What the task asks: Print the entries underneath word for word, omitting whatever pictures they contain.

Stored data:
—————

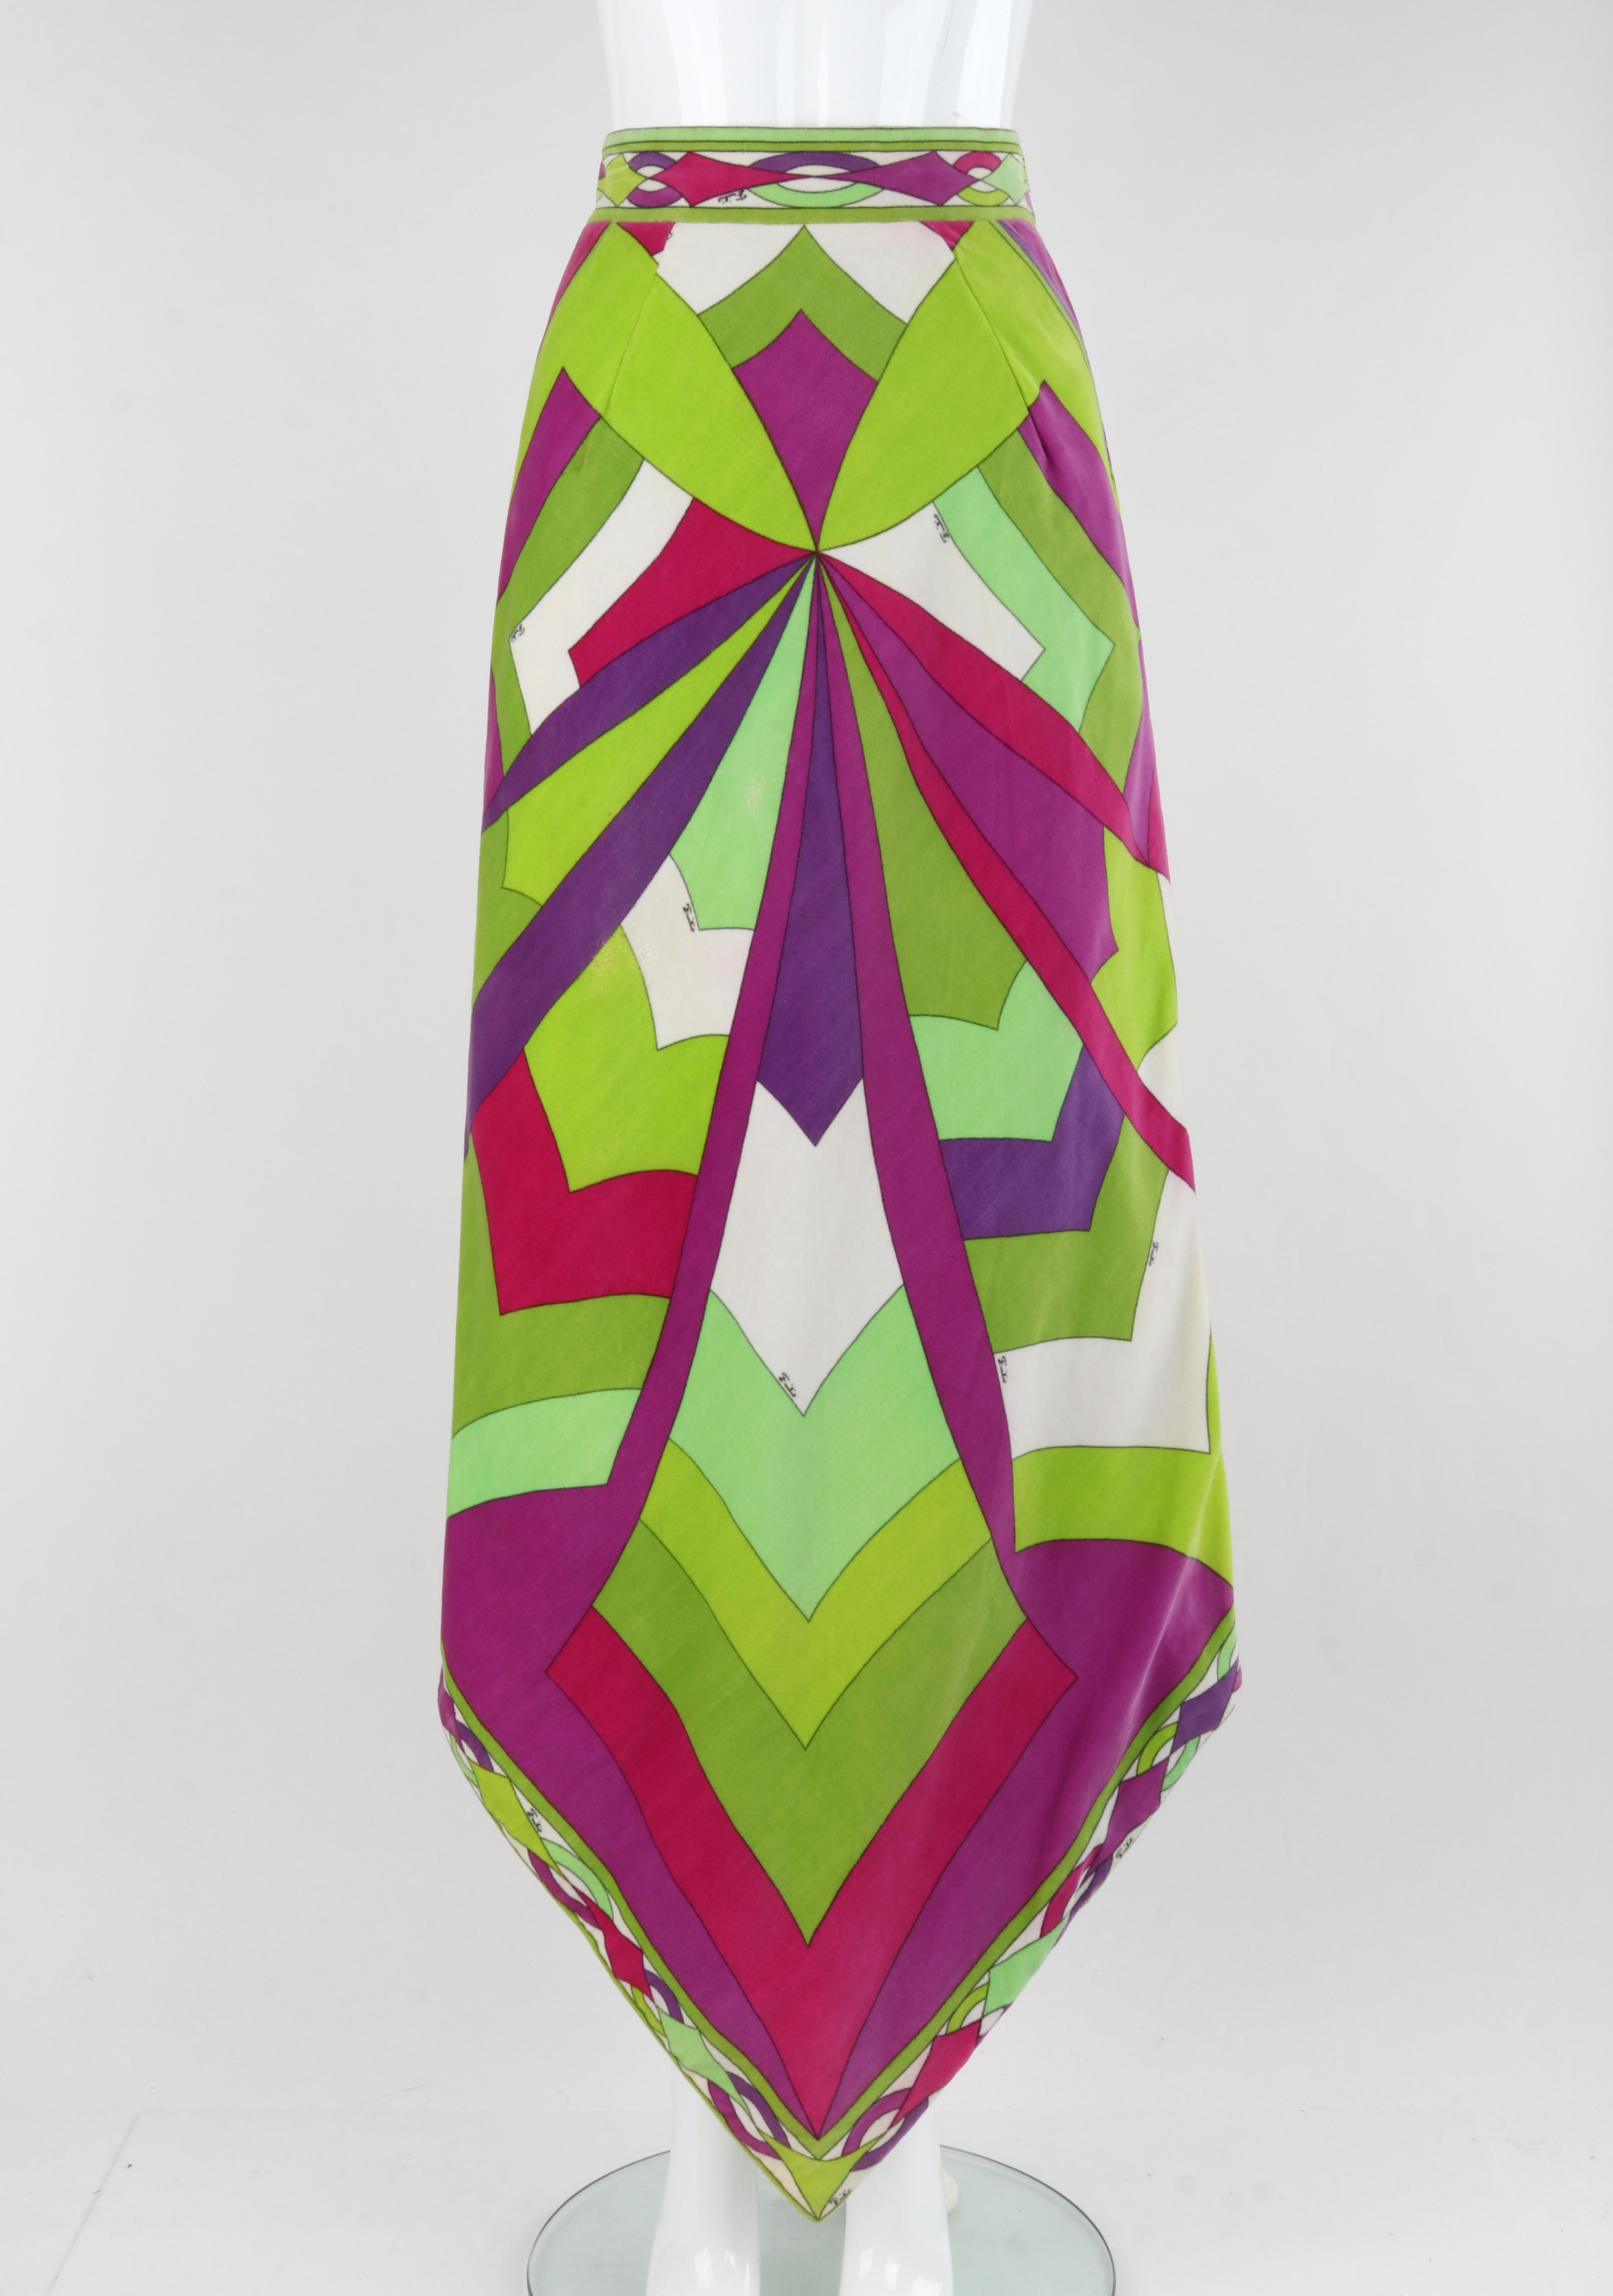 EMILIO PUCCI c.1969 Vtg Multicolor Velvet Abstract Print Scarf Hem Maxi Skirt

Brand / Manufacturer: Emilio Pucci For Saks Fifth Avenue
Circa: 1969
Designer: Emilio Pucci
Style: Maxi Skirt
Color(s): Shades of Green, Purple, Pink, White
Lined:

—————

Response box:
 EMILIO PUCCI c.1969 Vtg Multicolor Velvet Abstract Print Scarf Hem Maxi Skirt

Brand / Manufacturer: Emilio Pucci For Saks Fifth Avenue
Circa: 1969
Designer: Emilio Pucci
Style: Maxi Skirt
Color(s): Shades of Green, Purple, Pink, White
Lined:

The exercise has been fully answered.